Finally, the tool allows users to have an all-around environmental evaluation of the company, thanks to the pre-set CO₂ emissions calculations and thanks to the water section, which gives the company a dedicated set of tables to estimate water consumption, in accordance with the recommendations of the UE Directive 1791/2023.

Environmental evaluations are introduced with the aim to raise awareness among SMEs, contributing to link the energy efficiency dimension with decarbonization strategy. The tool has also been promoted in the Awareness Campaign for SMEs financed by the Ministry of Environment and Energy Security and managed by ENEA, fulfilling its role of Italian Agency for New Technologies, Environment and Sustainable Development.
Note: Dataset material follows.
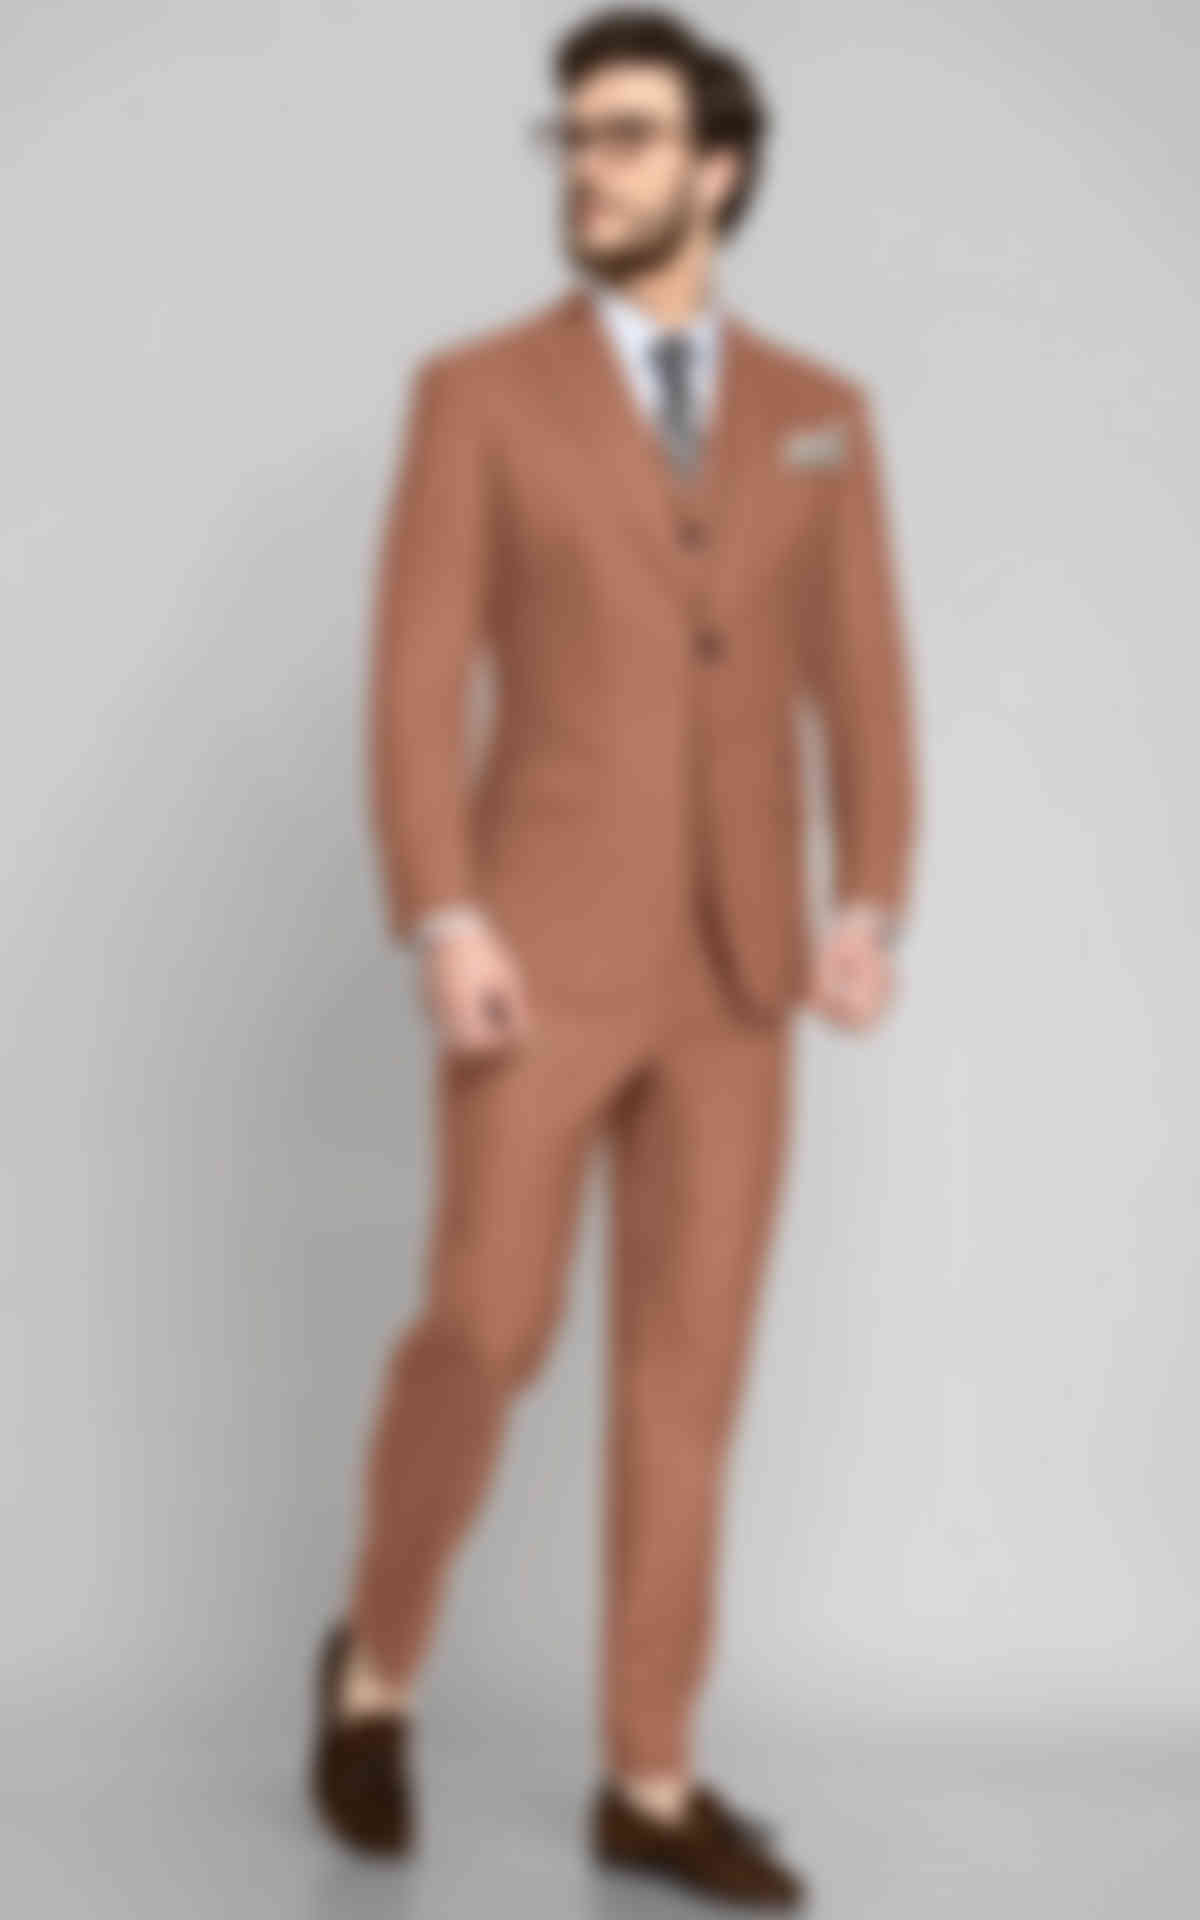 Sedona Pastel Rust Wool Suit

4.2. Comparison with Other Available Tools

Following, a comparison between ATENEA4SME and the other alternatives listed in this paper.

Based on what is listed in Section 2, some conclusions may be drawn. The four tools performing quantitative assessments on all the studied dimensions (Energy, Economy, Environment) are RETScreen^® (provided by the Government of Canada), Energy Performance Indicator Tool and PEPEx (provided by the government of the U.S.) and ATENEA4SME. The four of them focus on industry and tertiary sectors, thus providing the analyses for all kind of users.
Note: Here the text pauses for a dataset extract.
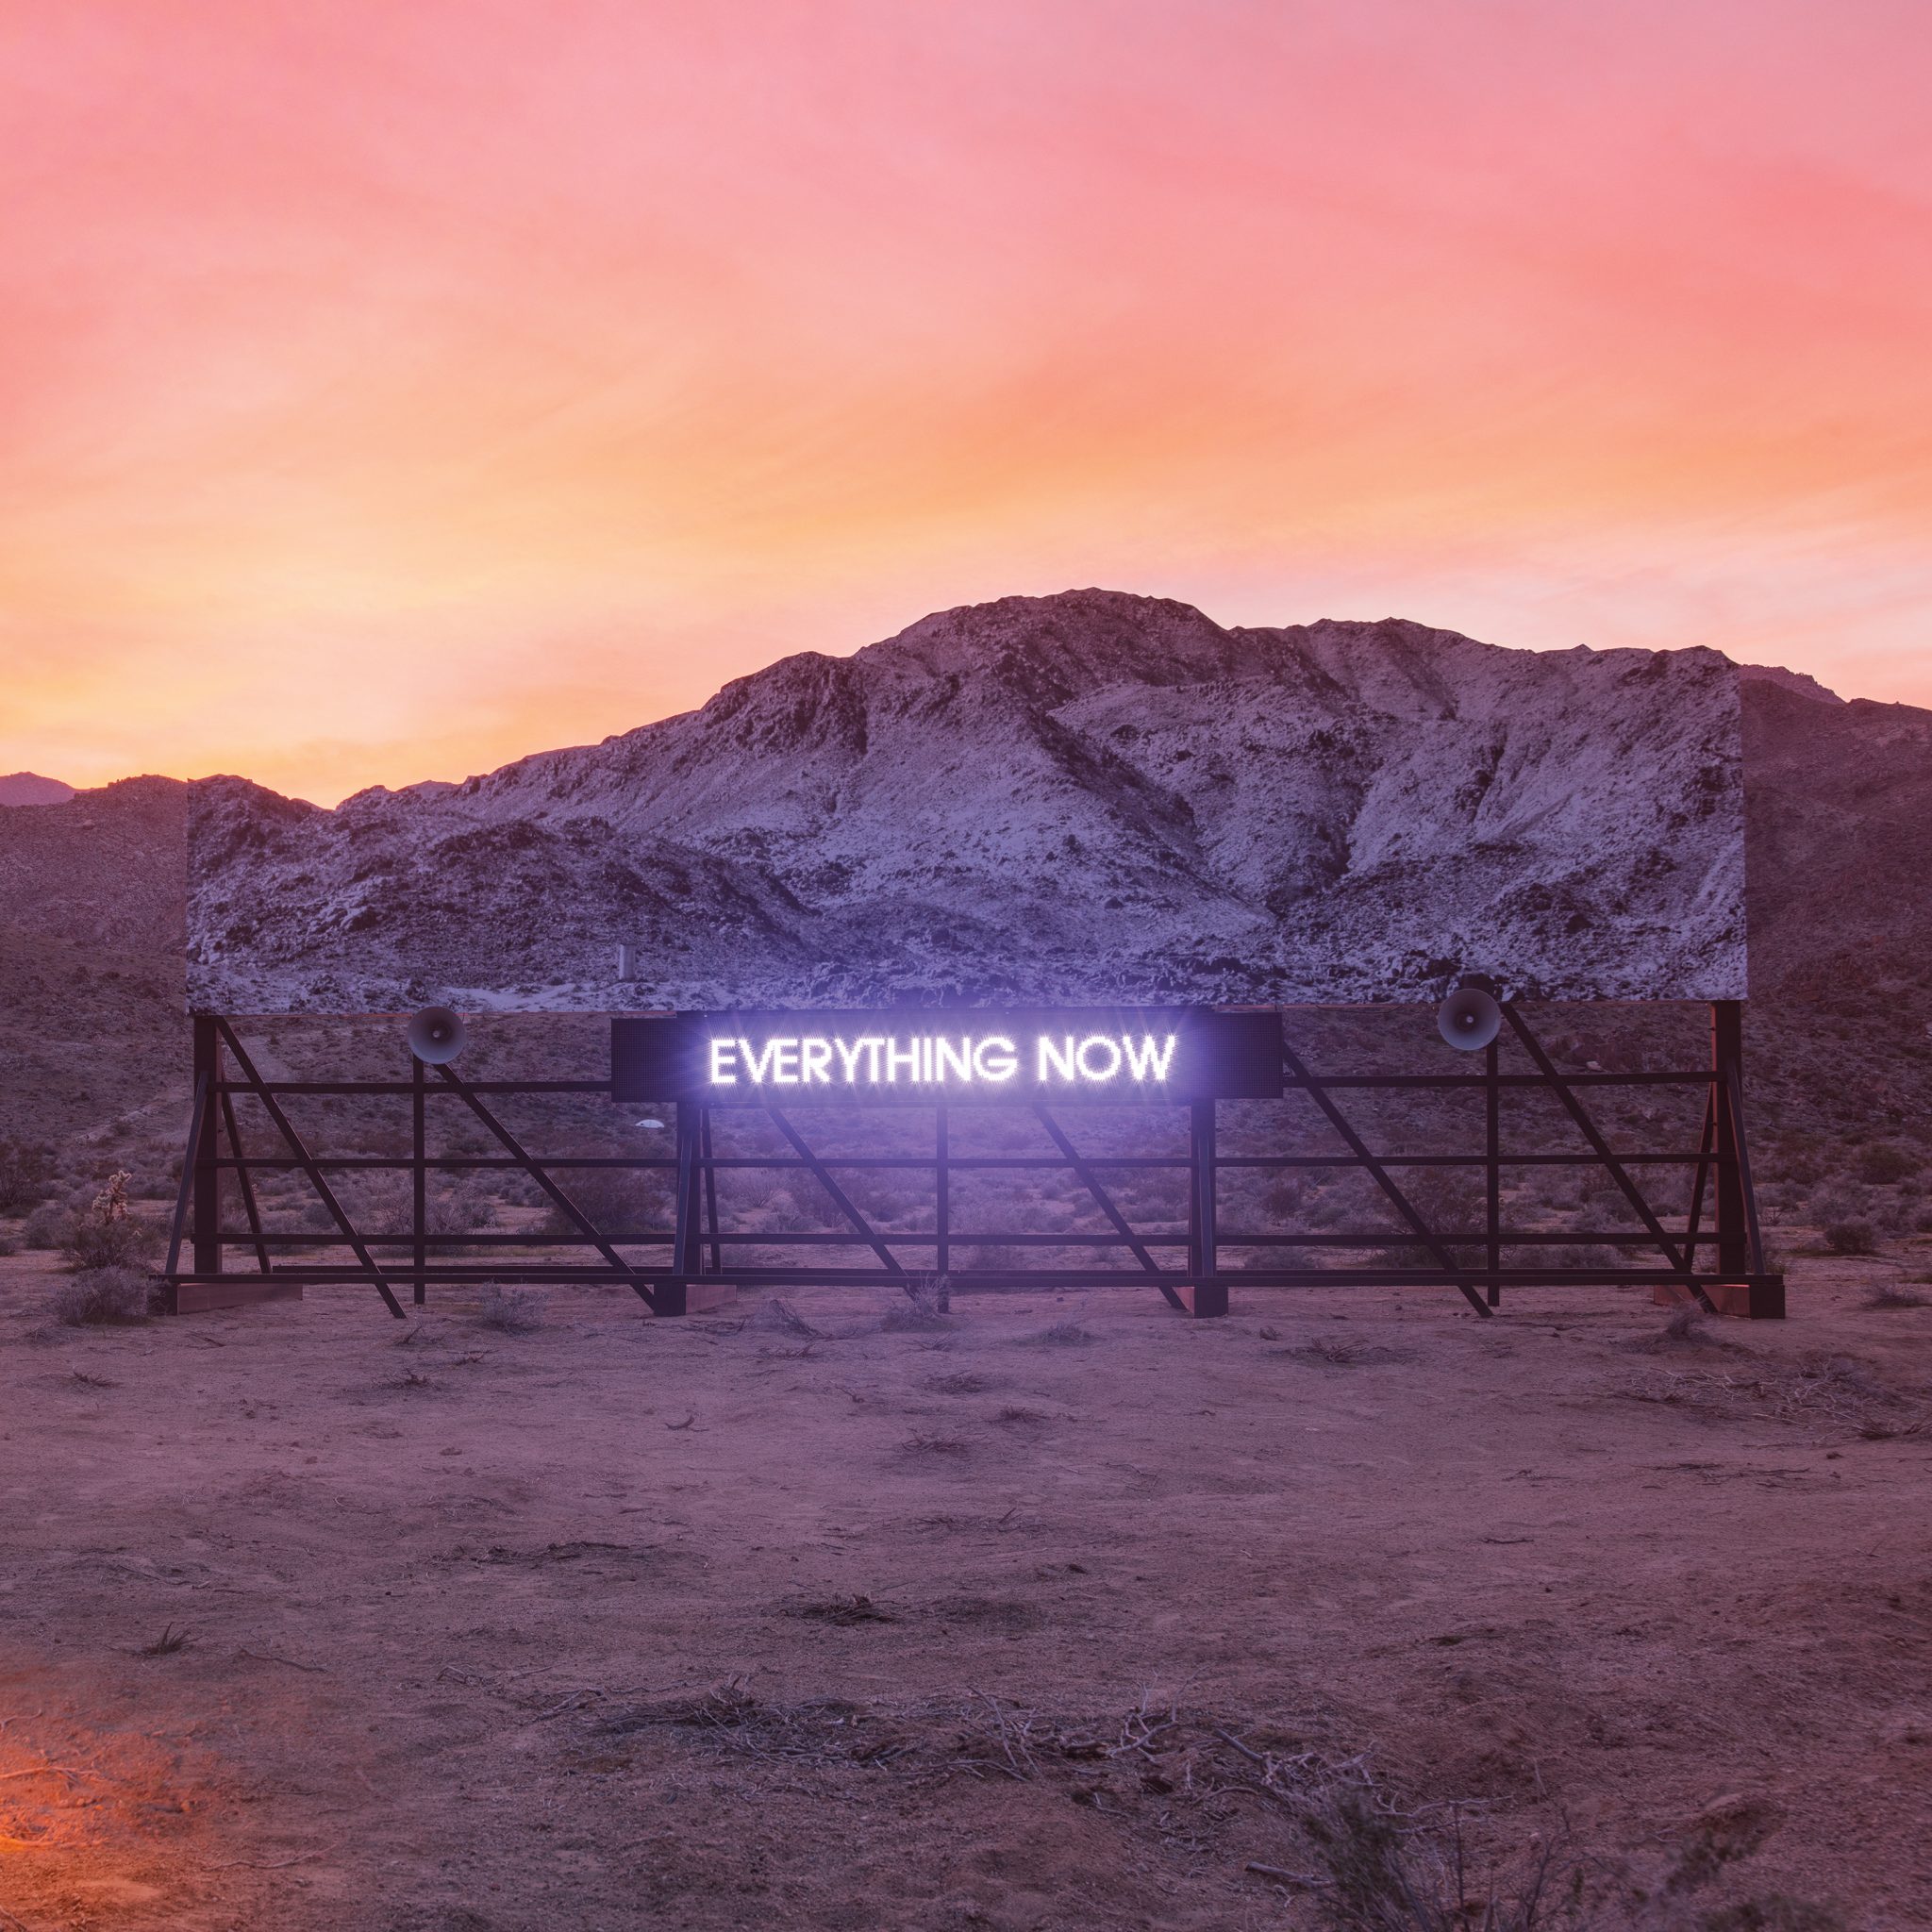 ALBUM REVIEW: Arcade Fire - "Everything Now"

However, Energy Performance Indicator Tool, despite being a quantitative tool, works basically on regression analysis. Its strength is to rely on a large amount of background data in order to provide, based on some input data, an analysis of where the plant is, respect to a benchmark. Thus, its work is to provide insight on the comparison between the plant and the competitors on the same market. The tool also includes the calculation of the energy-related CO₂ emissions, but does not cover, however, the economic aspects of EPIAs, nor the calculation of direct water consumption.

PEPEx is more similar to ATENEA4SME, requiring plant managers to insert some basic inputs, such as monthly electricity and fuels consumption profiles and plant utilizations, as well as primary and secondary energy source for each service (i.e., compressed air, blowers, HVAC, lighting, etc.) or monthly production. It also provides users with pre-calculated scorecards helping to evaluate the energy saving opportunities. Despite being pretty similar to ATHENEA4SME on the energy evaluation side, PEPEx does not provide an insight on the environmental performance.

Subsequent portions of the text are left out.